Cino Loris, Distante Cosimo, Martella Alessandro, Mazzeo Pier Luigi
Dipartimento di Ingegneria Informatica, Automatica, e Gestionale "Antonio Ruberti", Sapienza Università di Roma, Via Ariosto, 25, 00185 Roma, Italy.
Istituto di Scienze Applicate e Sistemi Intelligenti (ISASI), Consiglio Nazionale delle Ricerche (CNR), DHITECH, Campus Università del Salento, Via Monteroni s.n., 73100 Lecce, Italy.
J Imaging. 2025 Jan 9;11(1):15. doi: 10.3390/jimaging11010015.
Despite significant advancements in the automatic classification of skin lesions using artificial intelligence (AI) algorithms, skepticism among physicians persists.
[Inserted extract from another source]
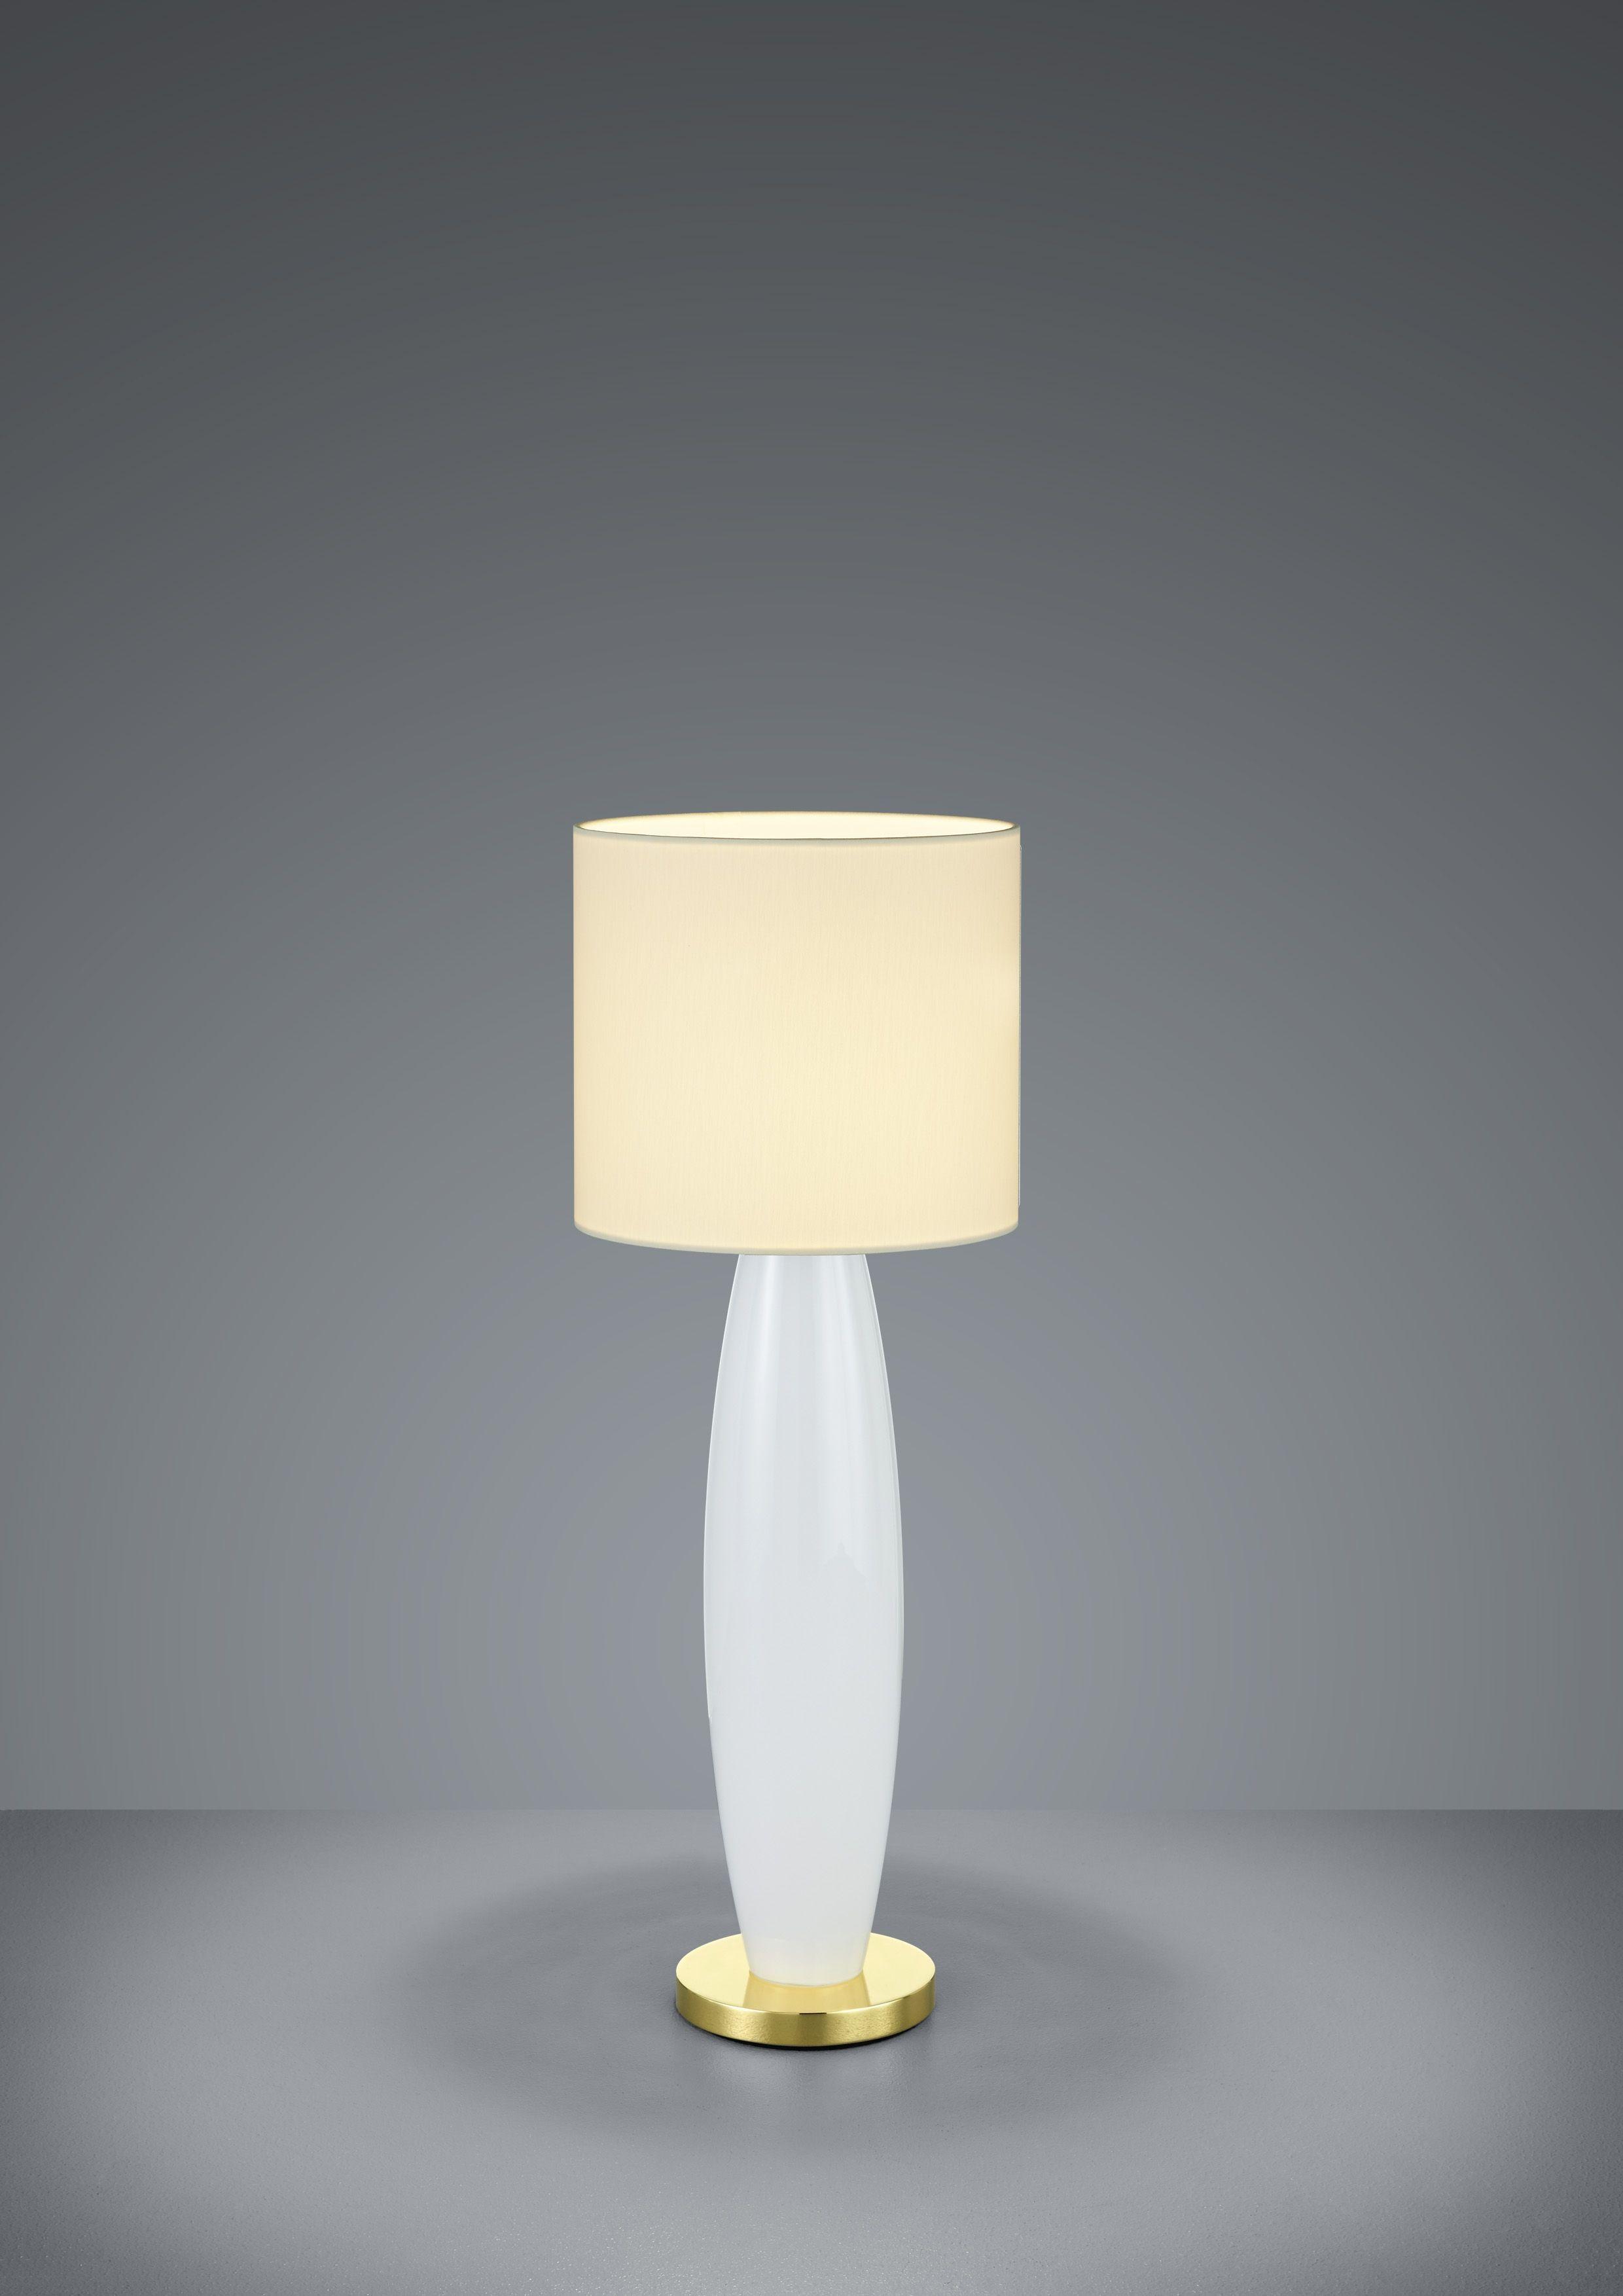 Tischleuchten von BANKAMP Leuchtenmanufaktur Tischleuchte Venice klein 5980/1-40

This reluctance is primarily due to the lack of transparency and explainability inherent in these models, which hinders their widespread acceptance in clinical settings. The primary objective of this study is to develop a highly accurate AI-based algorithm for skin lesion classification that also provides visual explanations to foster trust and confidence in these novel diagnostic tools. By improving transparency, the study seeks to contribute to earlier and more reliable diagnoses. Additionally, the research investigates the impact of Test Time Augmentation (TTA) on the performance of six Convolutional Neural Network (CNN) architectures, which include models from the EfficientNet, ResNet (Residual Network), and ResNeXt (an enhanced variant of ResNet) families. To improve the interpretability of the models' decision-making processes, techniques such as t-distributed Stochastic Neighbor Embedding (t-SNE) and Gradient-weighted Class Activation Mapping (Grad-CAM) are employed. t-SNE is utilized to visualize the high-dimensional latent features of the CNNs in a two-dimensional space, providing insights into how the models group different skin lesion classes. Grad-CAM is used to generate heatmaps that highlight the regions of input images that influence the model's predictions. Our findings reveal that Test Time Augmentation enhances the balanced multi-class accuracy of CNN models by up to 0.3%, achieving a balanced accuracy rate of 97.58% on the International Skin Imaging Collaboration (ISIC 2019) dataset. This performance is comparable to, or marginally better than, more complex approaches such as Vision Transformers (ViTs), demonstrating the efficacy of our methodology.
尽管在使用人工智能(AI)算法对皮肤病变进行自动分类方面取得了重大进展,但医生们仍然持怀疑态度。这种不情愿主要是由于这些模型固有的缺乏透明度和可解释性,这阻碍了它们在临床环境中的广泛接受。本研究的主要目标是开发一种基于AI的高精度皮肤病变分类算法,该算法还能提供可视化解释,以增强对这些新型诊断工具的信任和信心。通过提高透明度,该研究旨在促进更早、更可靠的诊断。此外,该研究还调查了测试时间增强(TTA)对六种卷积神经网络(CNN)架构性能的影响,这些架构包括来自EfficientNet、ResNet(残差网络)和ResNeXt(ResNet的增强变体)家族的模型。为了提高模型决策过程的可解释性,采用了诸如t分布随机邻域嵌入(t-SNE)和梯度加权类激活映射(Grad-CAM)等技术。t-SNE用于在二维空间中可视化CNN的高维潜在特征,深入了解模型如何对不同的皮肤病变类别进行分组。Grad-CAM用于生成热图,突出显示影响模型预测的输入图像区域。我们的研究结果表明,测试时间增强将CNN模型的平衡多类准确率提高了高达0.3%,在国际皮肤成像协作组织(ISIC 2019)数据集上实现了97.58%的平衡准确率。这一性能与视觉Transformer(ViT)等更复杂的方法相当,或略优于它们,证明了我们方法的有效性。